Archive for February 2010
I recently lost a job based on price. I had already provided the “bro hookup” discount since the client was friends with my wife. The client was able to find a photographer willing to provide more for less. Does it make sense to lose a sizable job over an additional 20% discount? (in this case yes) What’s that “bird in the hand” saying?
The experience got me thinking about why you should hire me. My first inclination was to say that great photography is the reason to hire me but that’s not enough and that’s not even the main reason.
Hire me to shoot your wedding, children, engagement session, portrait, head shot, your home, your new design, _______(fill in the blank) because:
1. Because you like me as a person and you want to do business with me. For most photography projects I spend a fair amount of time with my clients. It could be intimate situations like an expectant mother’s first maternity photo shoot, visiting the home of new parents to take pictures of their newborn, spending a couple days shooting a project for an interior designer or spending a day with a bride, groom and their closest friends and family. I could be the best photographer in the world, but if you don’t like me, don’t want me around or don’t trust me, the quality of my work doesn’t matter.

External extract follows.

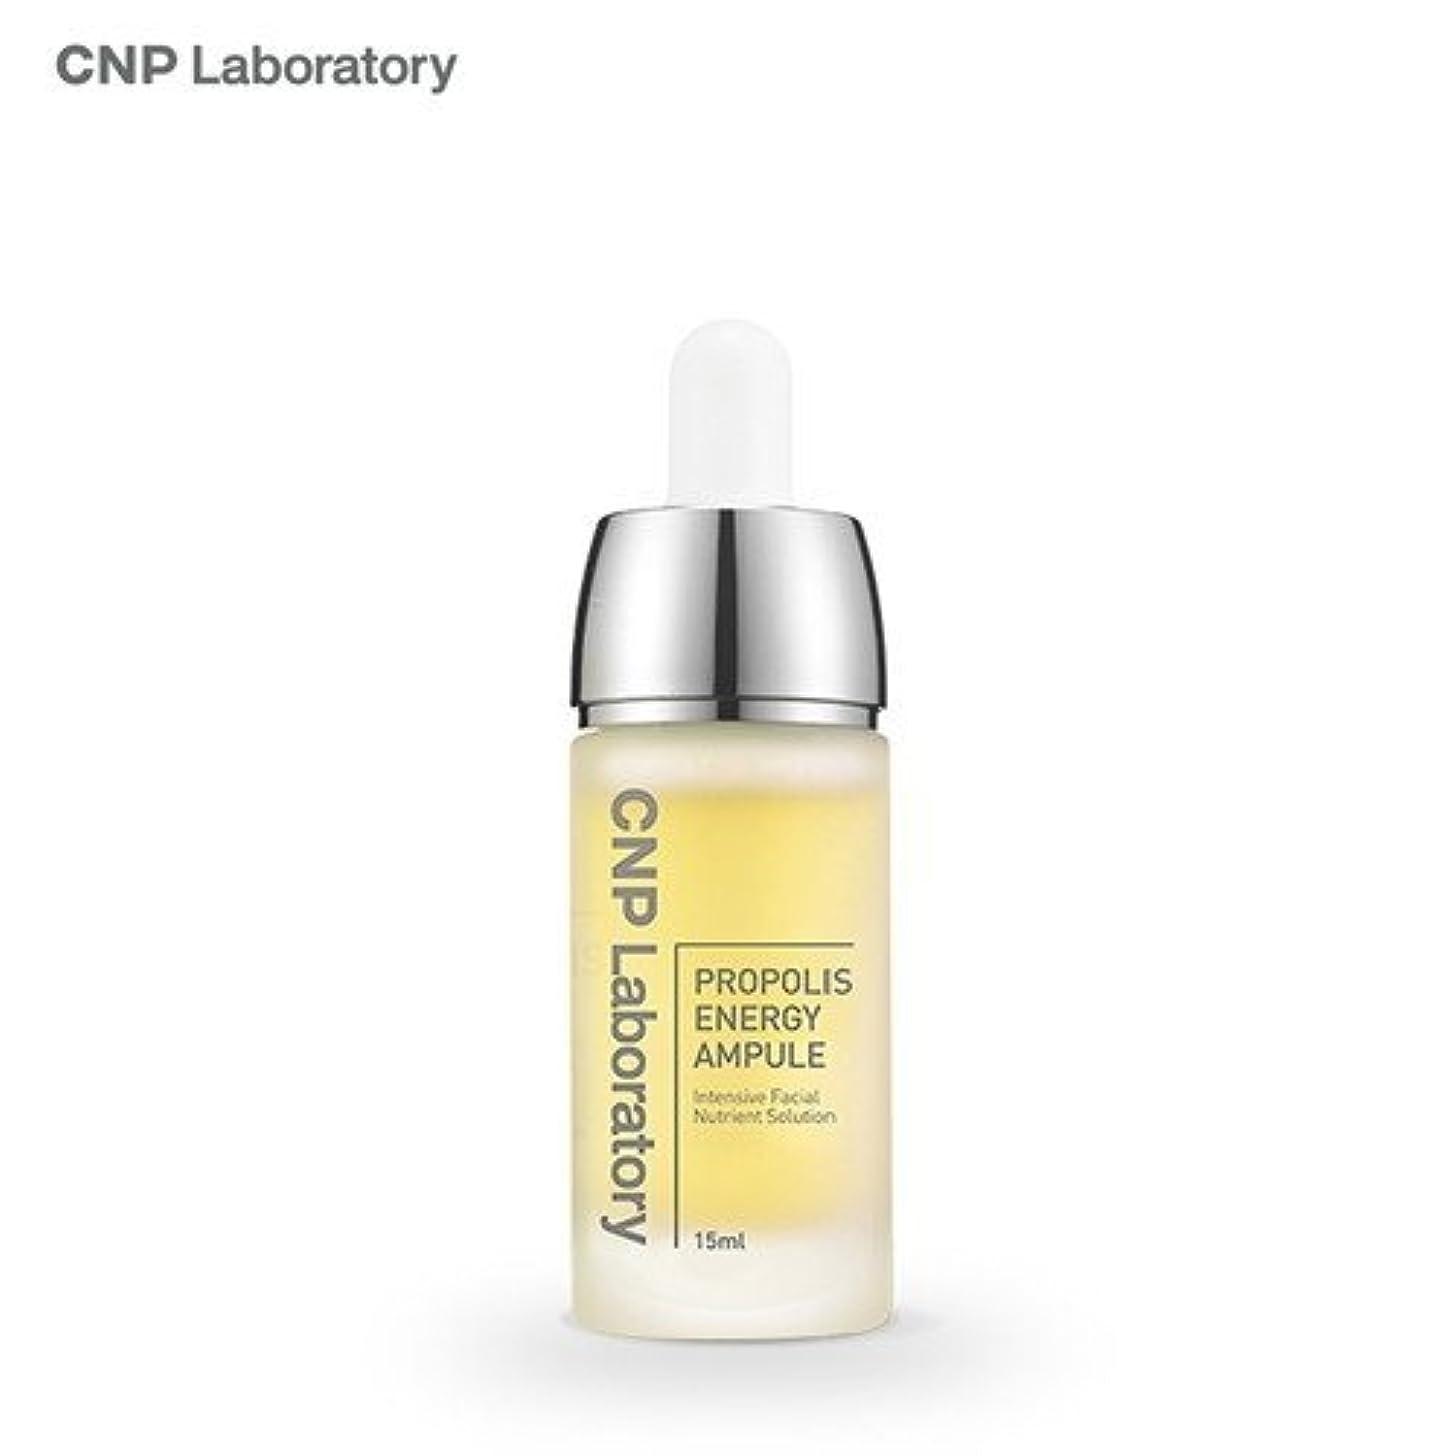 子音掻く仮説チャエンパク プロポリスエネルギーアンプル 15ml / CNP Propolis Energy Ampule, Intensive Facial Nutrient Solution 15ml

2. Hire me because you believe in, and trust in, my ability as a photographer. I’m not a “wedding photographer”. I’m not a “family portrait photographer”. I’m not an “architectural photographer”. I’m a photographer that happens to shoot all of the previous mentioned types of photography. There’s enough of my work online for people to get an accurate view of the quality of my work, my ability to think on my feet and the quality of the finished product I deliver to my clients.
Want to know how I picked my wedding photographer? I looked through a box a proofs. While sifting through hundreds of proofs from my friend Josh’s wedding the main thing that stood out with Selima was consistency. The great majority of the images were solid, and as a whole they were great. I encourage and often show my potential wedding clients the proofs from the weddings I have shot and tell them this is what you can expect. I’ve heard so many stories from friends and clients who were duped into hiring a photographer based on the 20 images they saw on a website.
3. Hire me because you want something different. Hire me to shoot your wedding because of my fashion work. Hire me to shoot your architectural work because of the unique images I shot of your neighbors kids. Hire me because you know that whatever circumstances I am put in I can get the shot.
I’m not sure where money and cost factor in. It’s an important factor but not the most important. I made a decision early on not to compete on price. If you want to price shop photography there are a ton of photographer’s who will compete on price. Creativity and art are subjective. The cost and perceived value is up to you.
The other day I had the pleasure of photographing five attorneys at their office in Century City. The words “conference room” had me thinking of a large space with plenty of room for lights and stands. I was mistaken. This was another situation where I had to make it work with what I was given.
Why so much gear for a simple executive portrait?
My first concern was that the first two scheduled attorneys wore glasses and I had to make sure I couldn’t see my lights reflected in their glasses. This is the set-up I ended up with; I changed it slightly for the other three attorneys.
The Norman soft box is my main light and the grid helps me keep the light off the backdrop.
The SB26 next to the paper adds a little light to the back of the subjects head.
The shadows were too dark camera right so I added the Quantum in a small softbox outside the room firing through the window.
I wanted a little more fill coming from the direction of the camera so I shot another small strobe towards the white bounce taped to the wall.
It took me about an hour to unload, set-up and test the lights. It took 22 minutes to make all five executive portraits.
Over the past several weeks I’ve had the pleasure of working with two different models. One is an established actress and model with a book full of magazine tear sheets. The other is a 19 year old with natural talent that is just beginning to explore her potential.
I once had a head shot client remark that the beauty retouching I performed on her photo was like great plastic surgery without the side affects. I took that as a compliment. My goal with beauty retouching is to make my clients look amazing yet hold in the reigns enough so that they don’t look plastic or fake. I’d like to think that my retouched photos help my clients look like they’ve had a month long stay at a spa; well rested, rejuvenated, refreshed and maybe a tad younger and in tip-top shape.
Agnesse was in town promoting a movie she produced and acted in. She’s got a ton of experience and her book of tear sheets was impressive. Let’s just say she’s thirty-somethin. We wanted to go for a clean beauty-type portrait.
Kaya and I set out to experiment and have some fun. With most new models, and with my clients that don’t have a lot of experience in front of a camera, I tend to start off slow and count the first set as a practice run. This was just a few shots into our “practice run”. With most portraits my goal is for the client to look past themselves when looking at the results and see the amazing photo that everyone else sees.